## THE PROBLEM
Word for word, retype the lines from the one containing "pflanztreppe 3 jahre" to the one containing "WO2013058028A1 - Ft図作成支援装置及びft図作成支援方法" below, keeping both end lines and dropping the pictures.

## RECORDS SHOWN
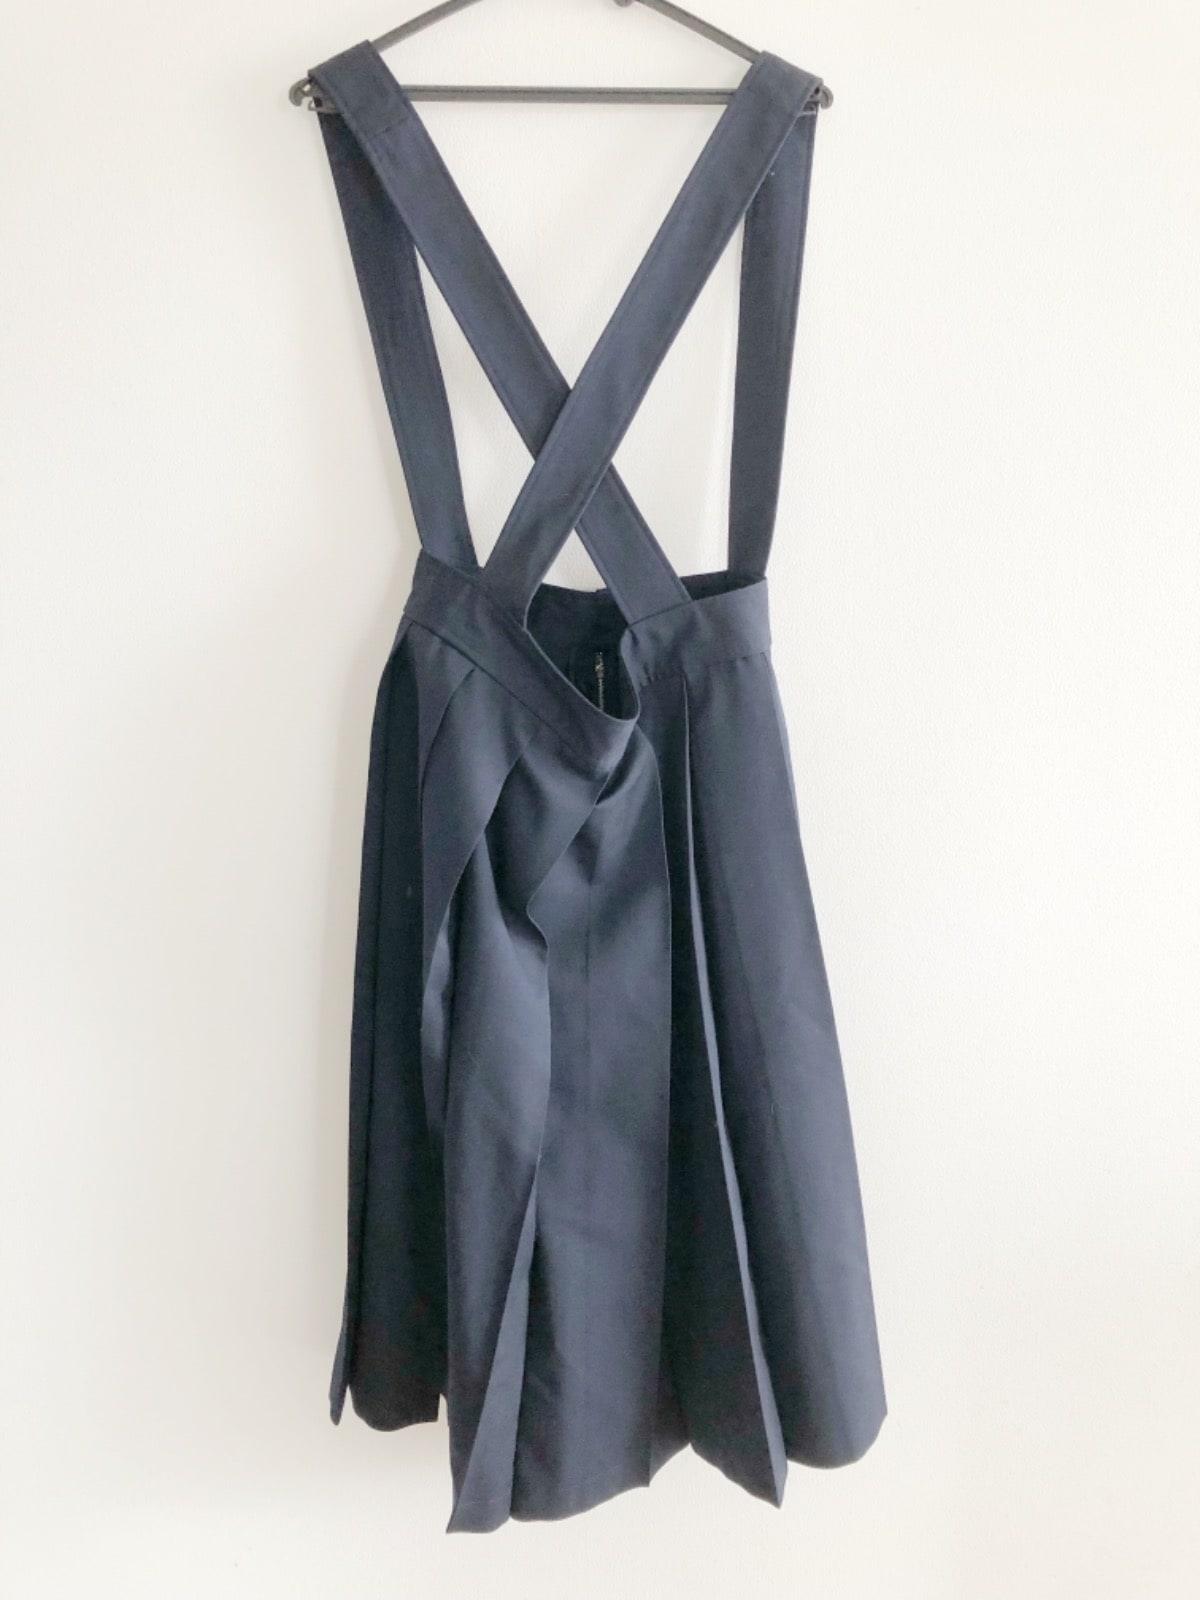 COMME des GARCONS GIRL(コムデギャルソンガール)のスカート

* * *

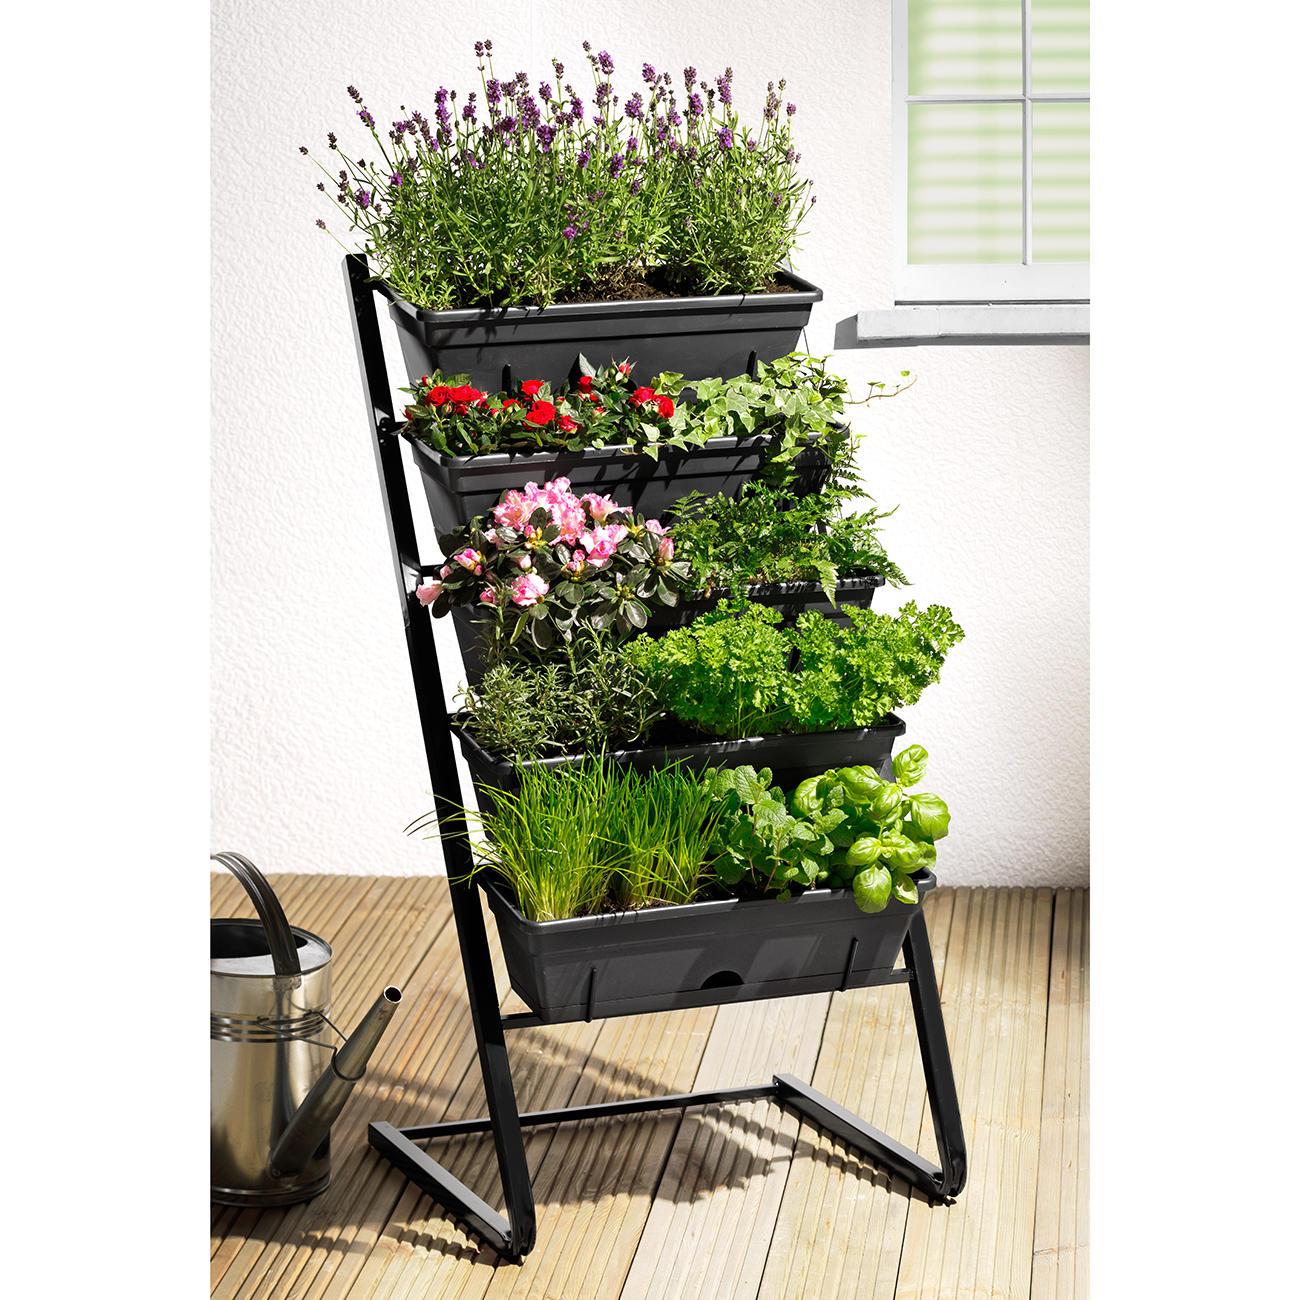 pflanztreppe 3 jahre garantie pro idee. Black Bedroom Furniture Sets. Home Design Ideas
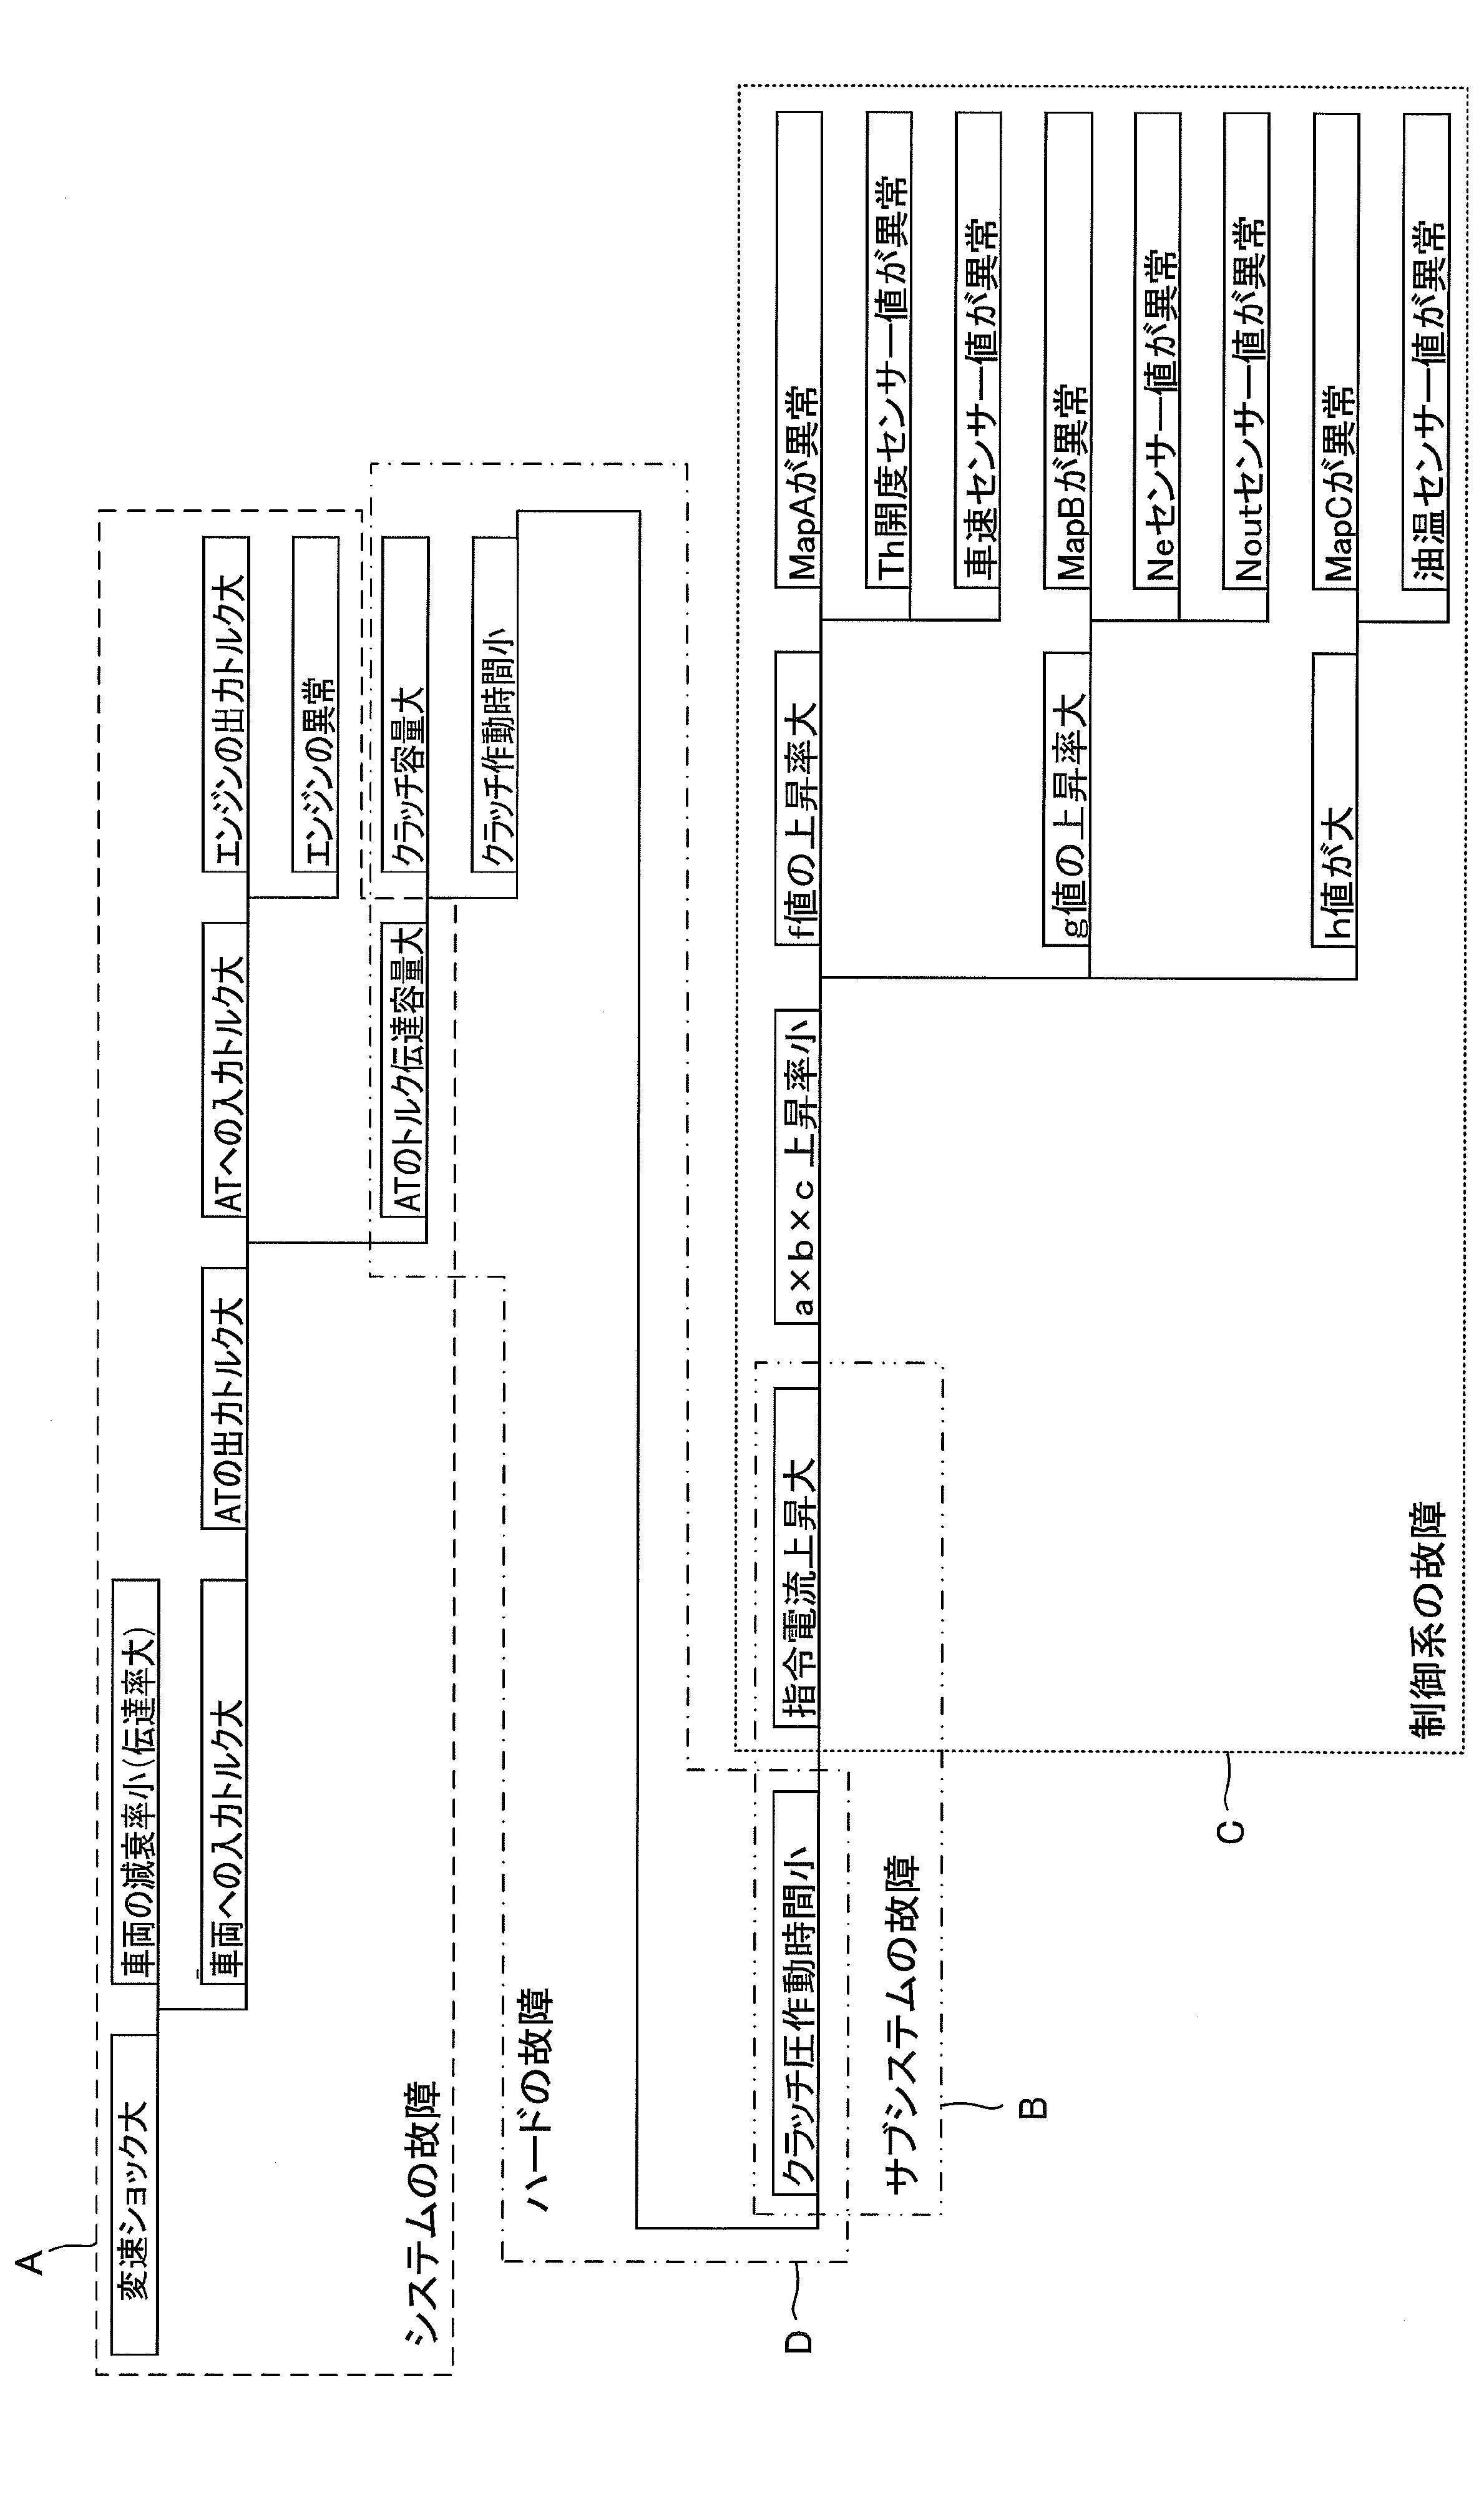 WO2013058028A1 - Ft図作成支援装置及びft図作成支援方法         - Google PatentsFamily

## EXPECTED ANSWER
 pflanztreppe 3 jahre garantie pro idee. Black Bedroom Furniture Sets. Home Design Ideas
 WO2013058028A1 - Ft図作成支援装置及びft図作成支援方法         - Google PatentsFamily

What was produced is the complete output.